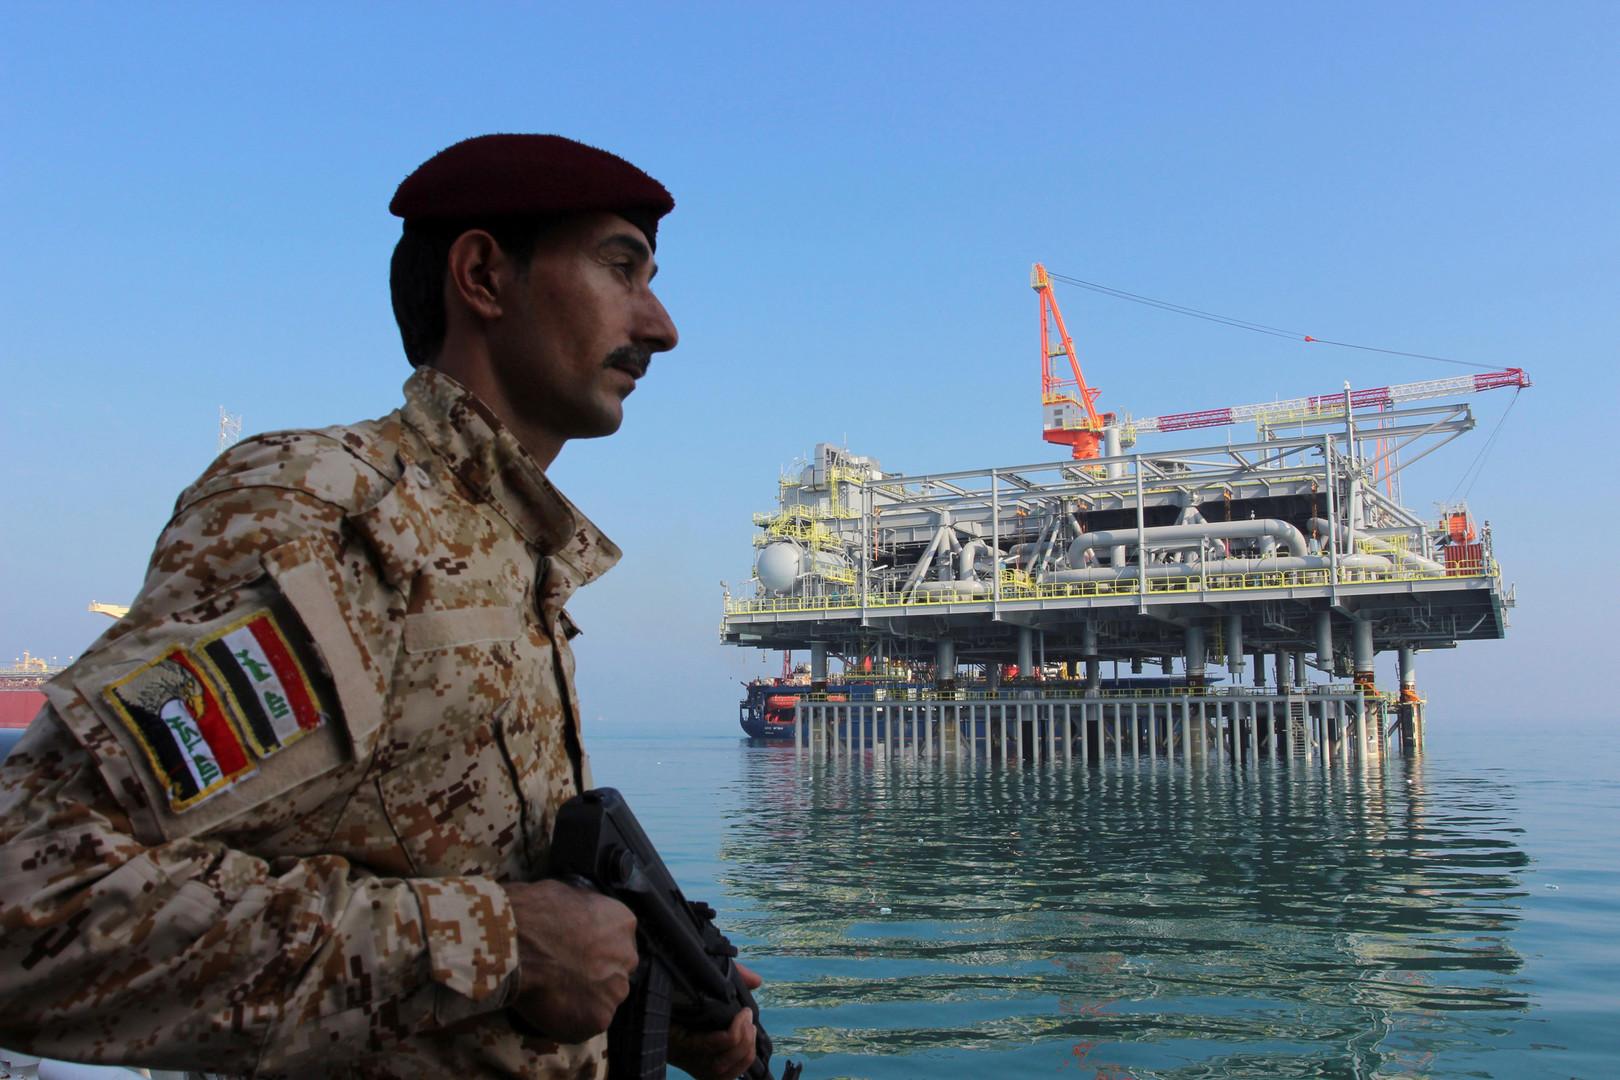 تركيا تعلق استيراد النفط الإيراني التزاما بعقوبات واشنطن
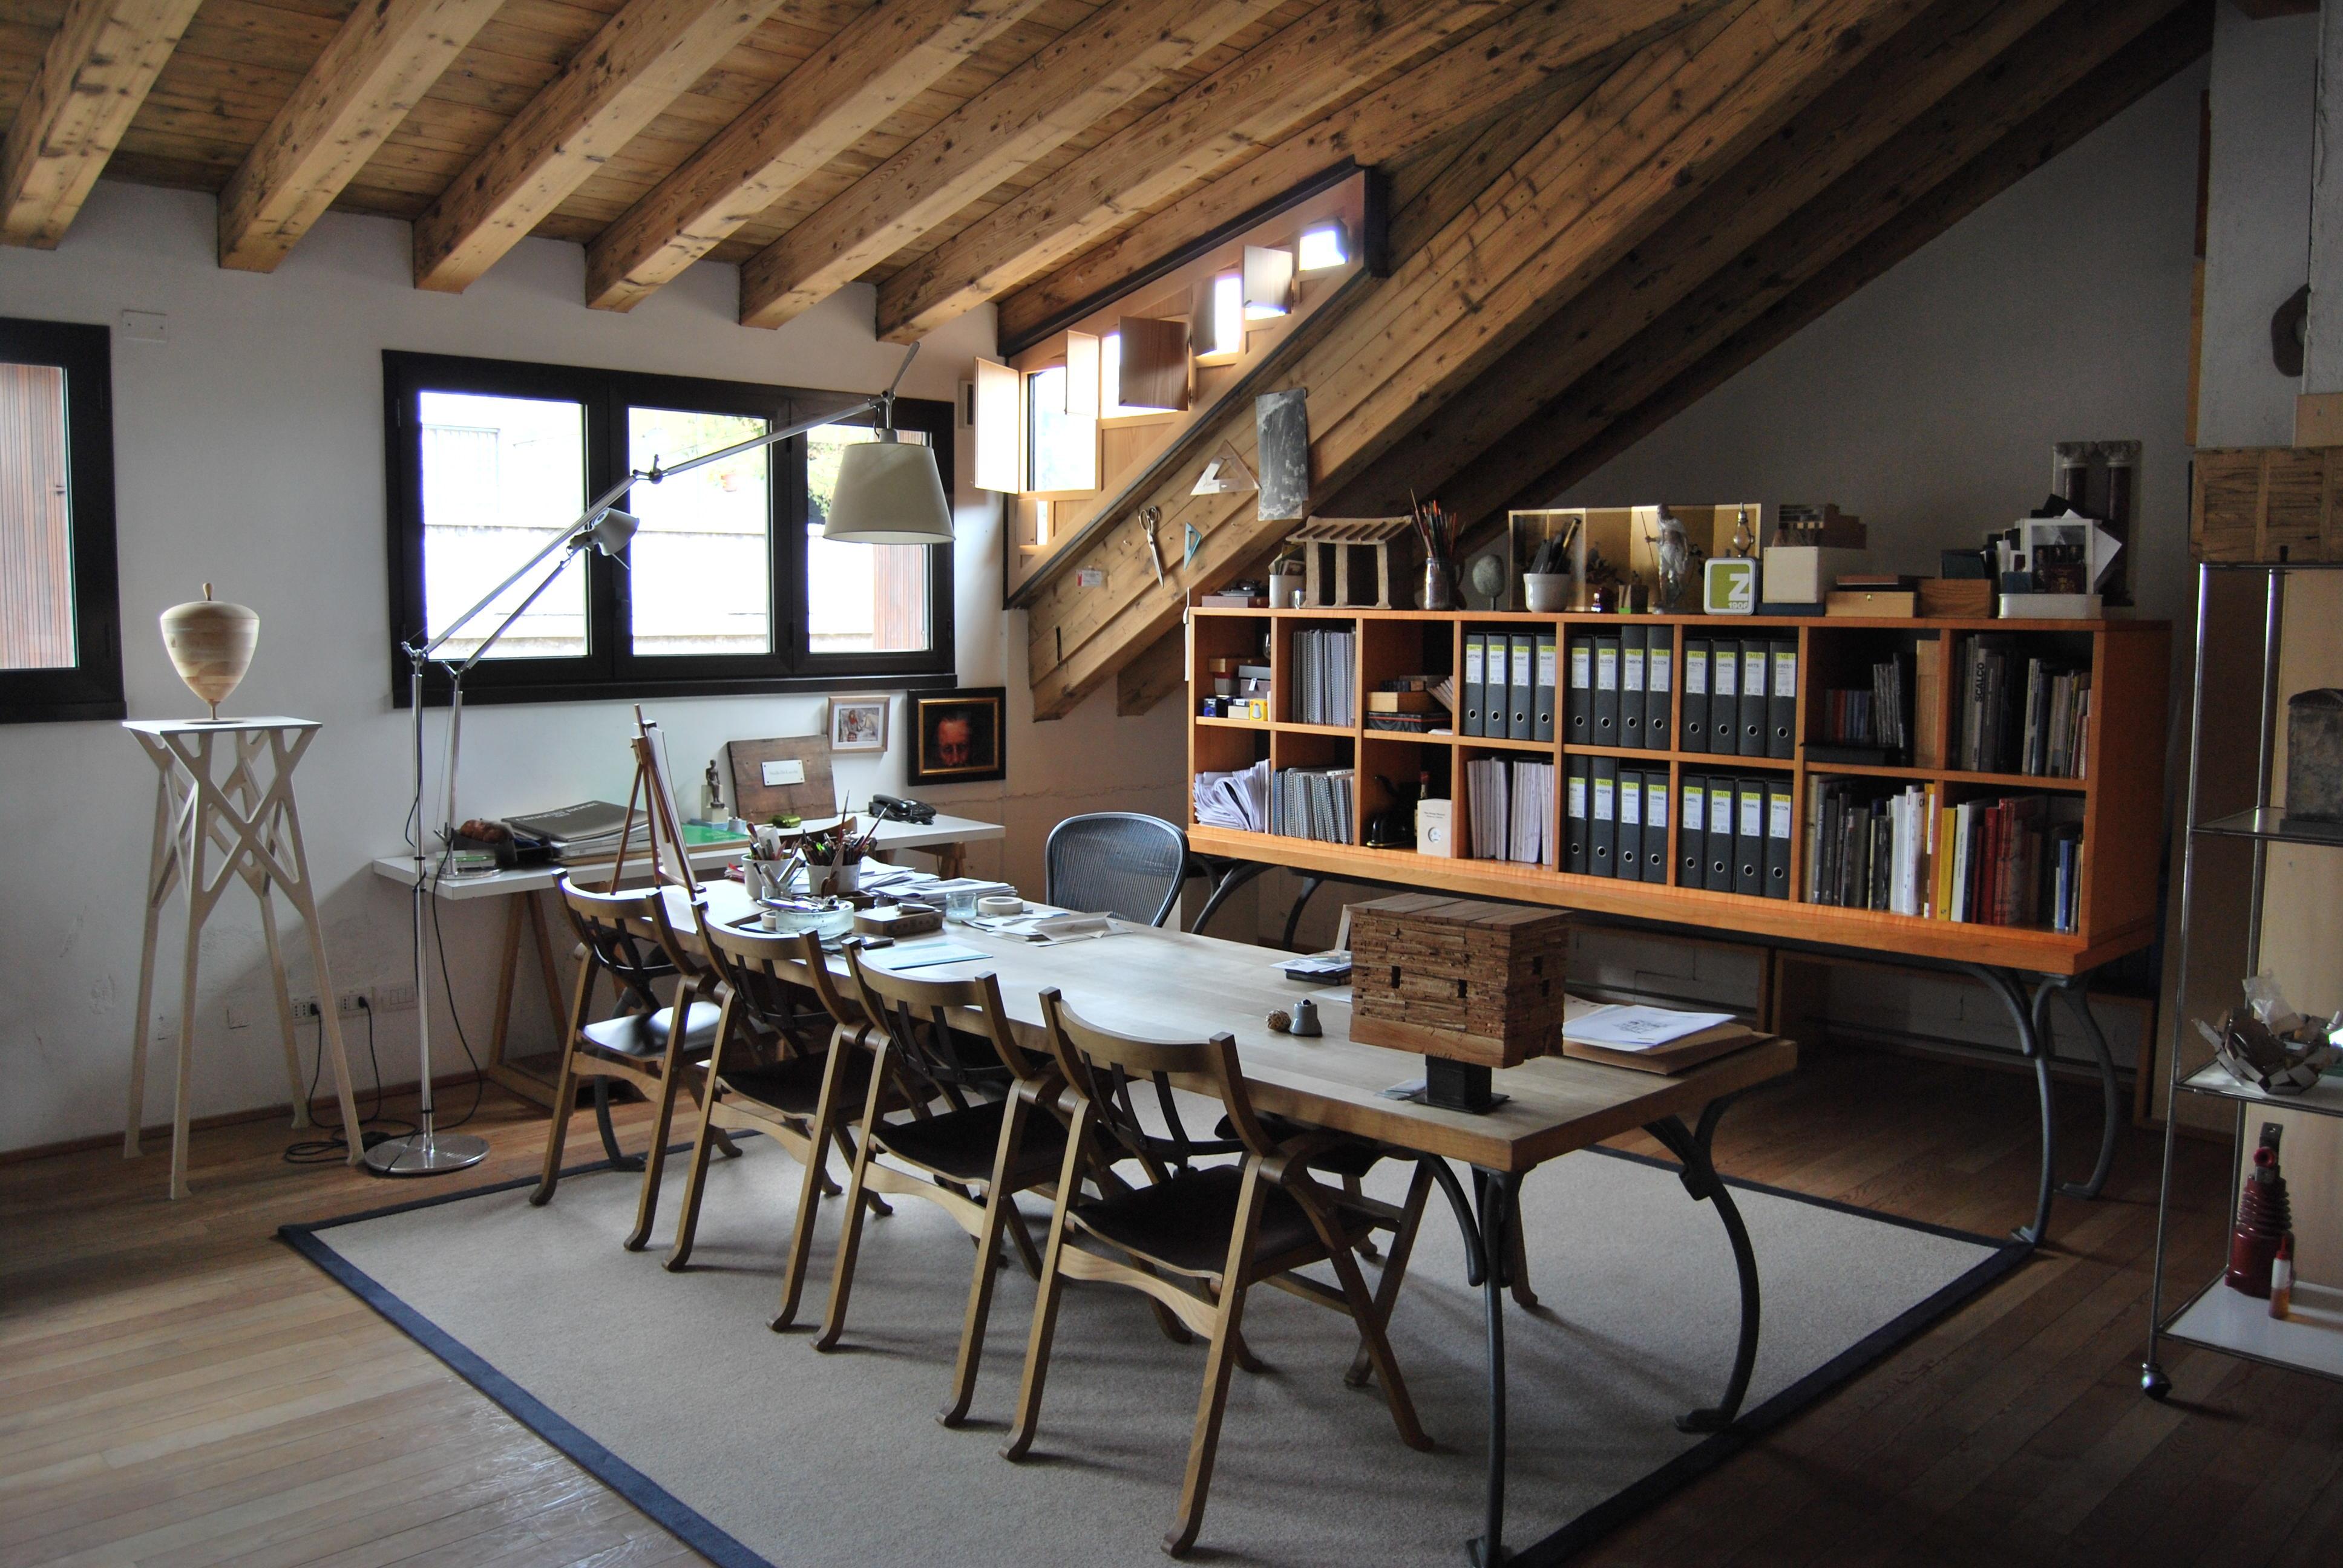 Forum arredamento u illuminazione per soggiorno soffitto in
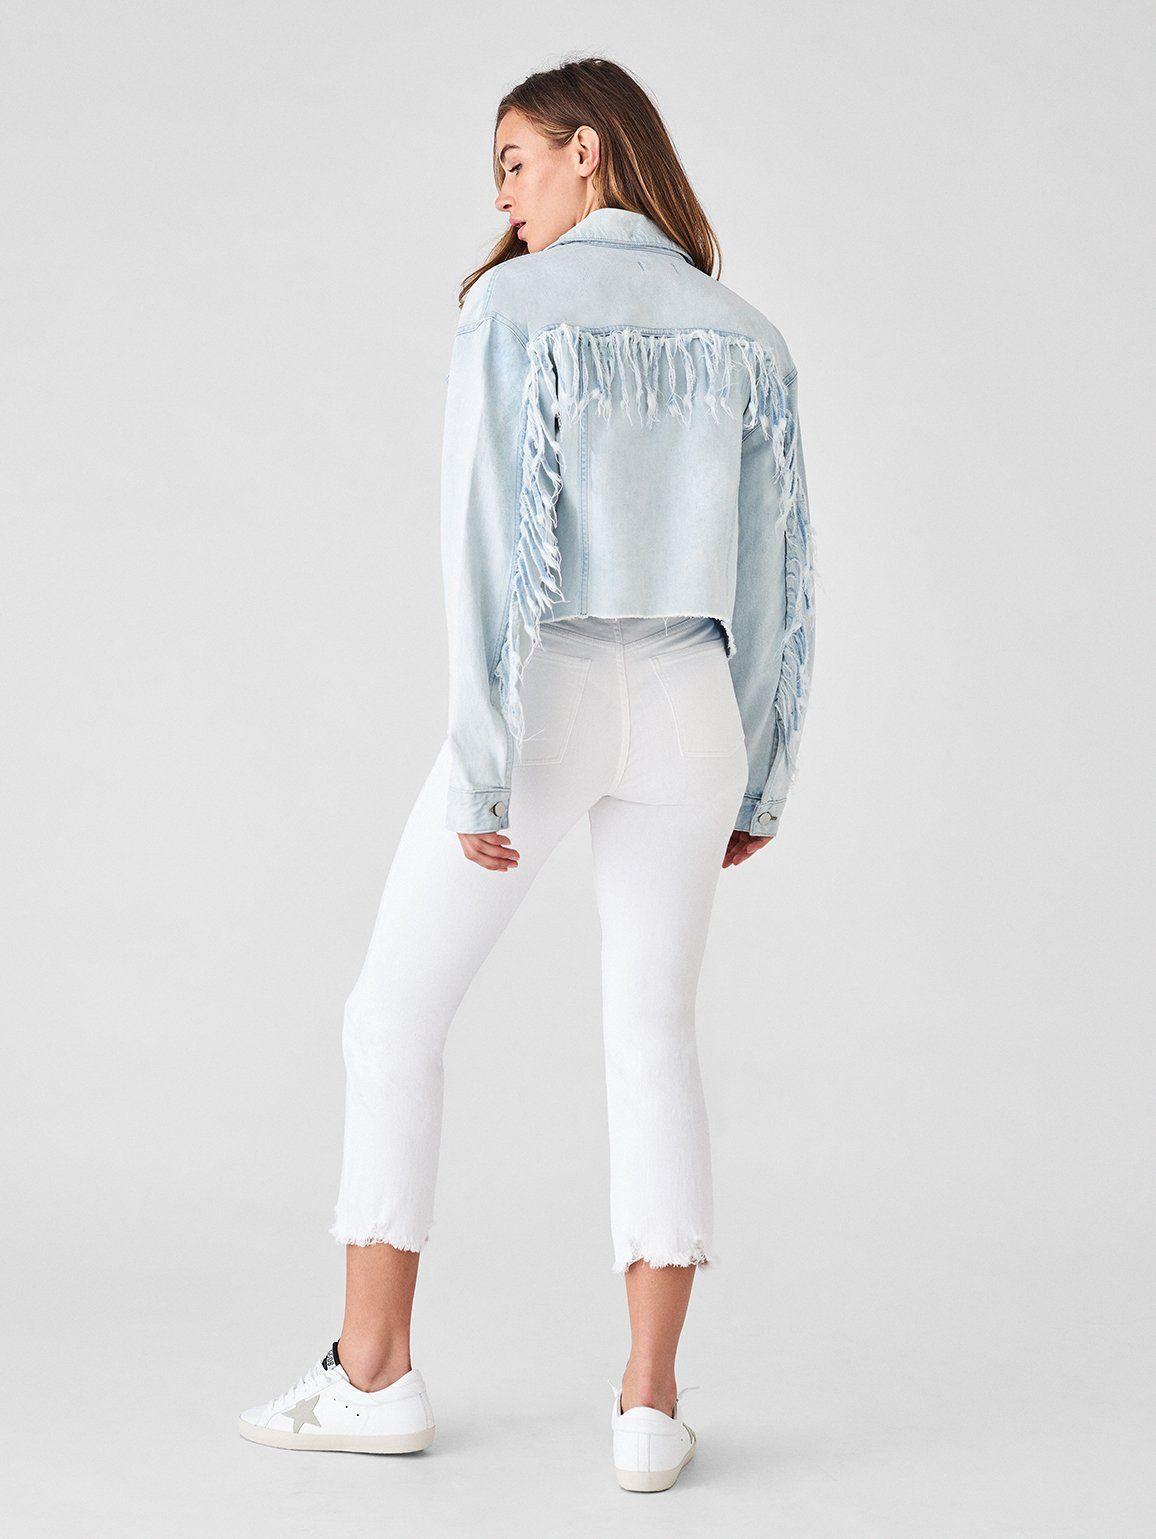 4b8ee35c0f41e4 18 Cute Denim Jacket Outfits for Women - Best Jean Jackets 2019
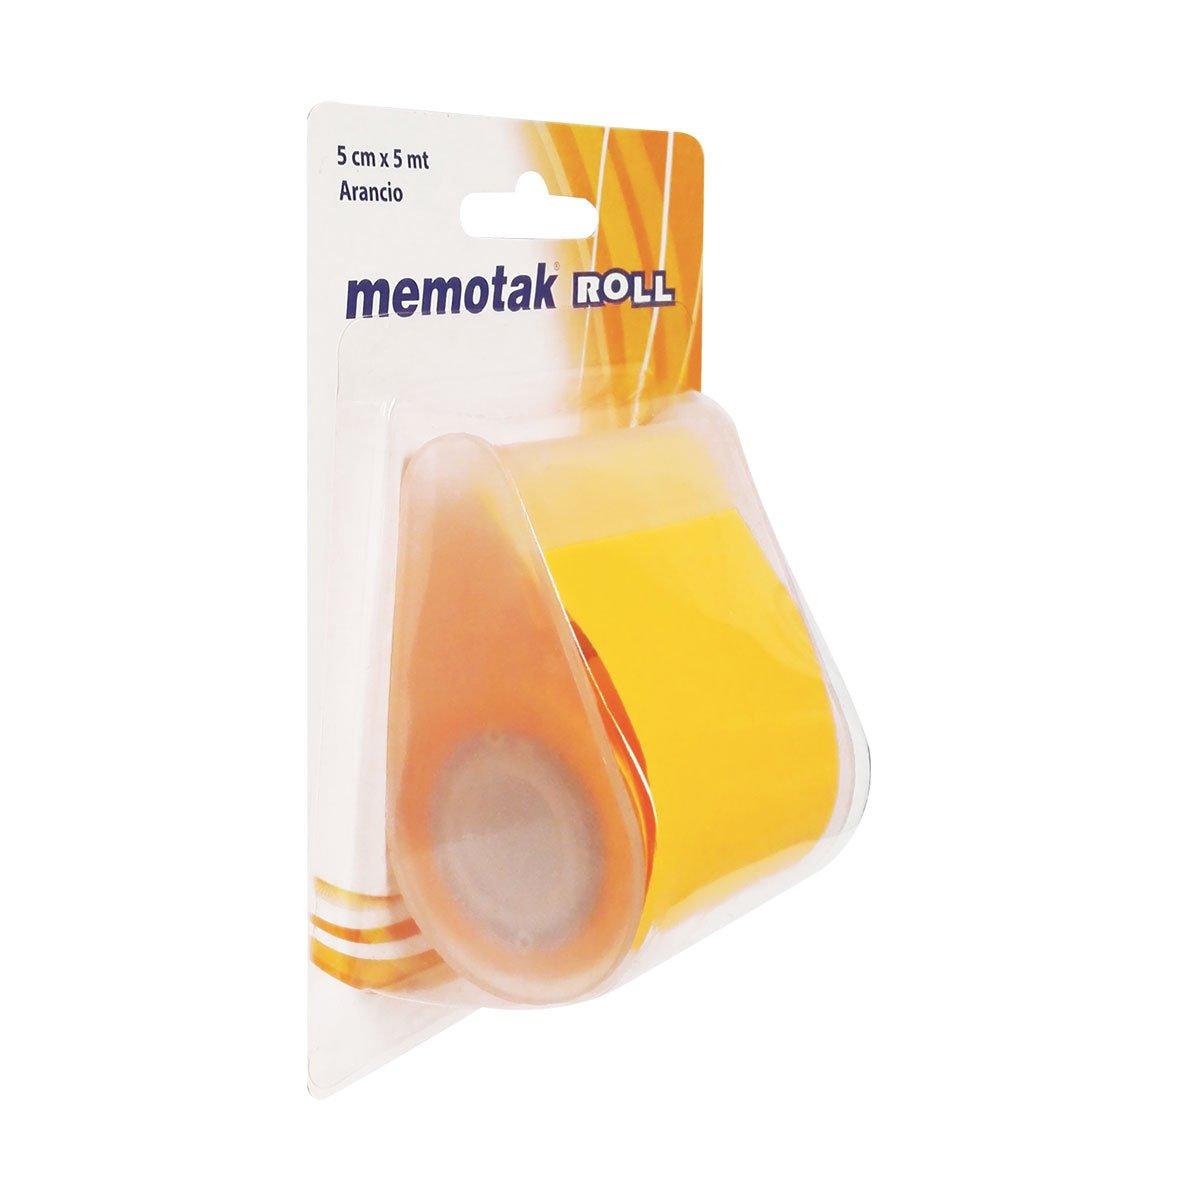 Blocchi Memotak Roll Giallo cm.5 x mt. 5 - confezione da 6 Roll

What you need to do: Please copy out the whole listing exactly, minus its pictures.

Output:
 تركيا تعلق استيراد النفط الإيراني التزاما بعقوبات واشنطن
 Forum arredamento u illuminazione per soggiorno soffitto in
 4b8ee35c0f41e4 18 Cute Denim Jacket Outfits for Women - Best Jean Jackets 2019
 Blocchi Memotak Roll Giallo cm.5 x mt. 5 - confezione da 6 Roll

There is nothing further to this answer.